# Dataset excerpt
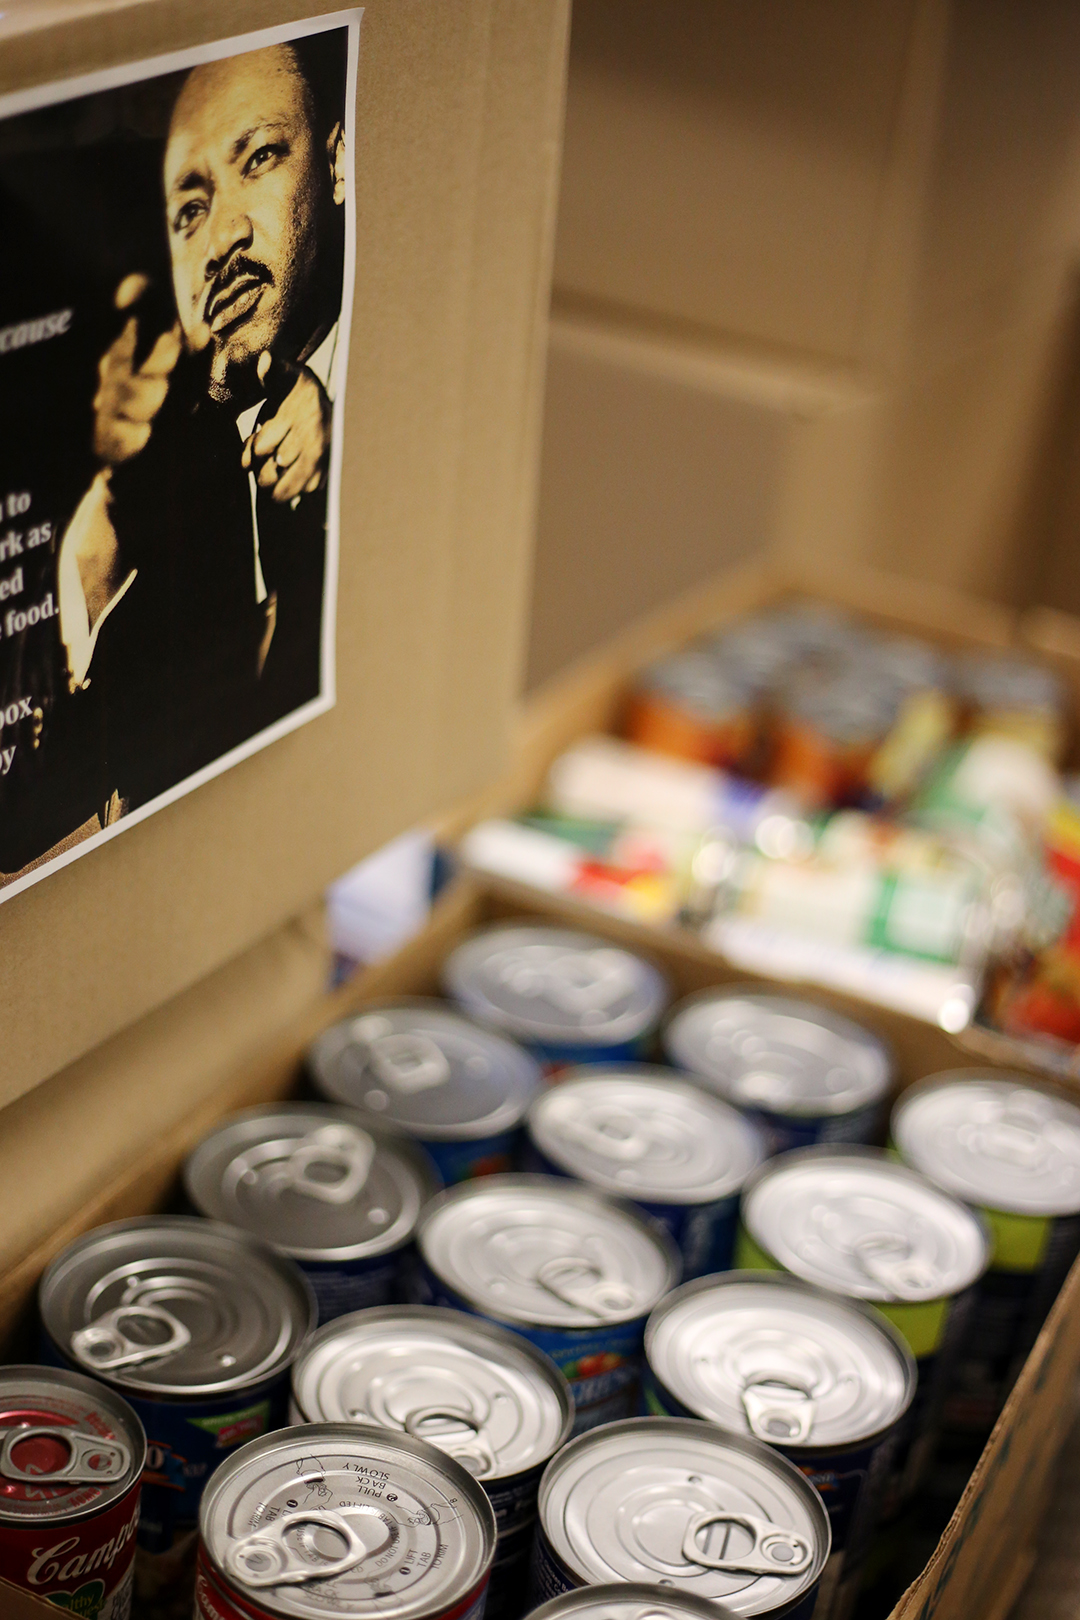 Canned food in a box. MLK on a poster.
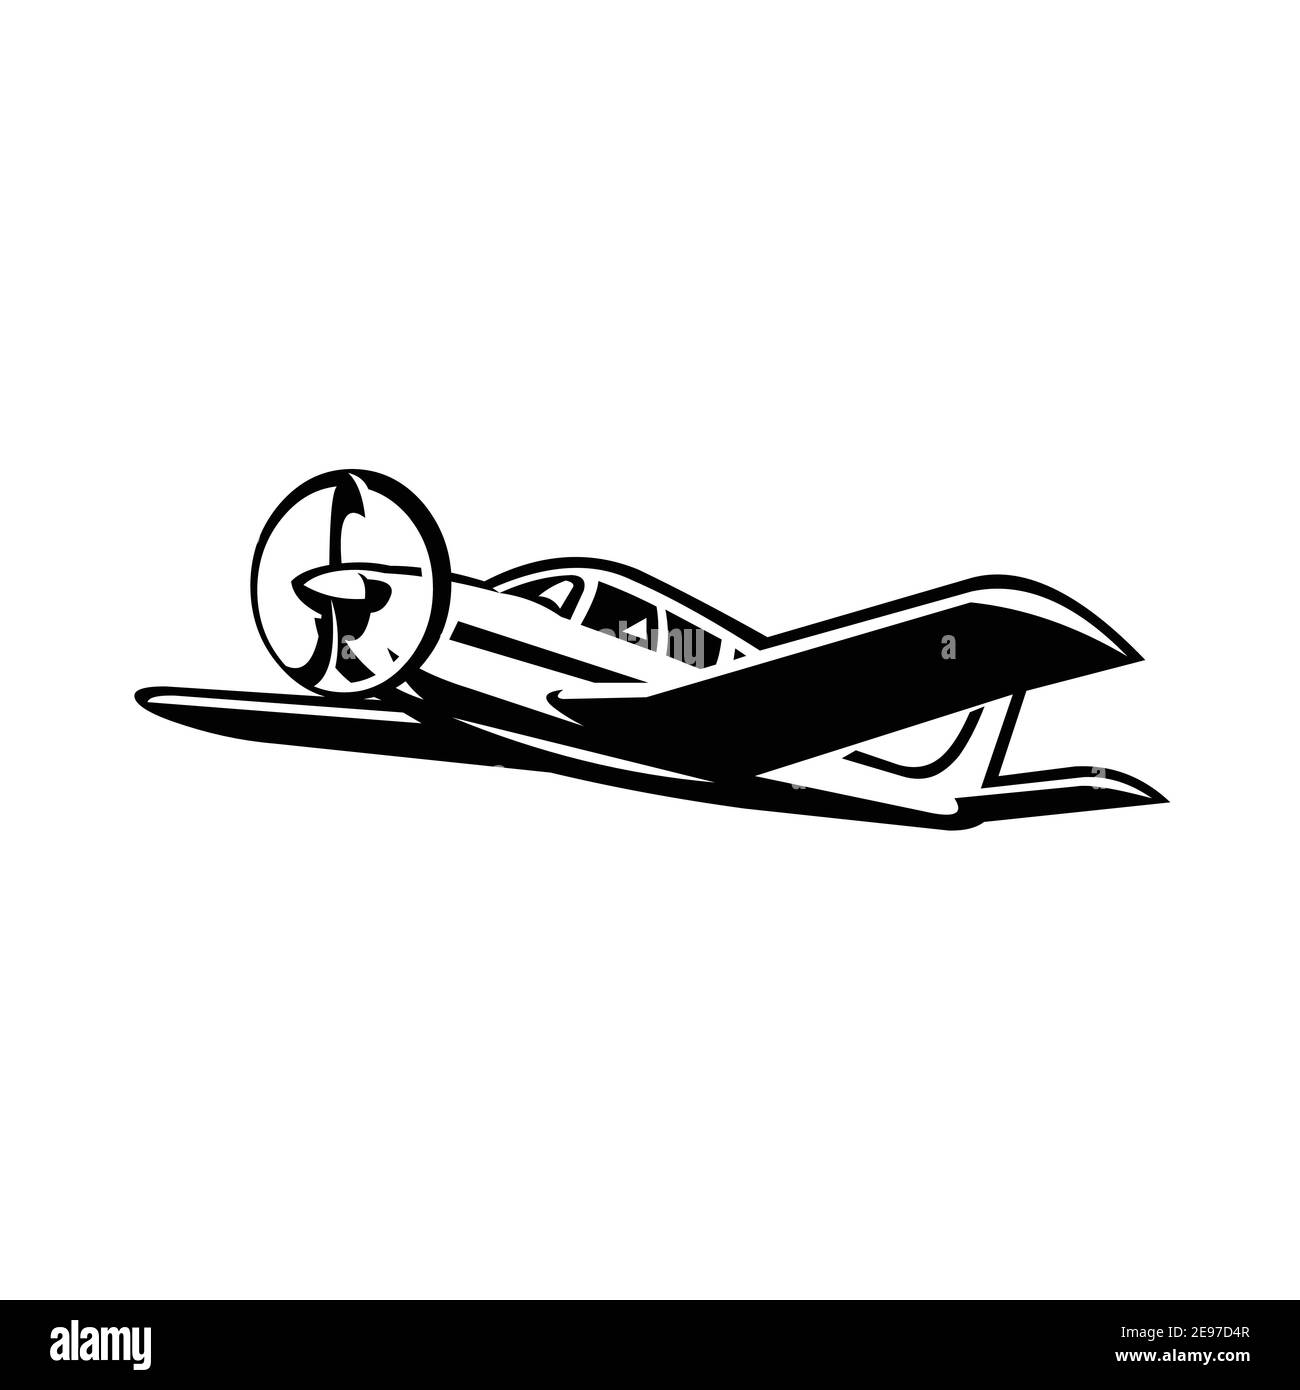 Private plane, small propeller plane vector isolated Stock Vector
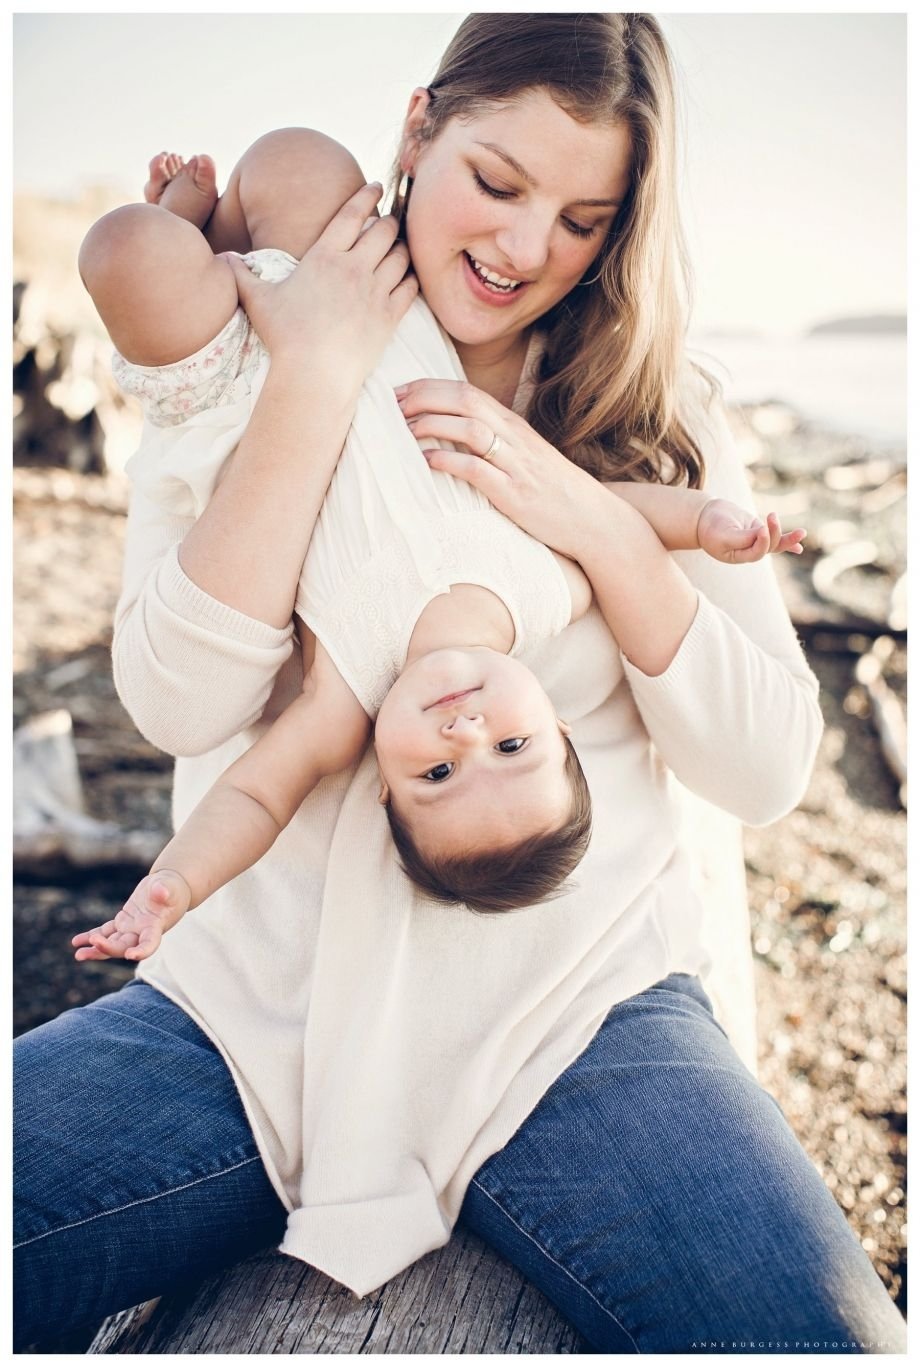 10 Attractive Mom And Baby Picture Ideas mother daughter poses mom and baby photo ideas mom and baby poses 2022

# What you will do
The expected output is the exact run of lines from the one containing "Private plane, small" through the final line of the data above, both ends included, with no pictures.

# Result of the task
 Private plane, small propeller plane vector isolated Stock Vector
 10 Attractive Mom And Baby Picture Ideas mother daughter poses mom and baby photo ideas mom and baby poses 2022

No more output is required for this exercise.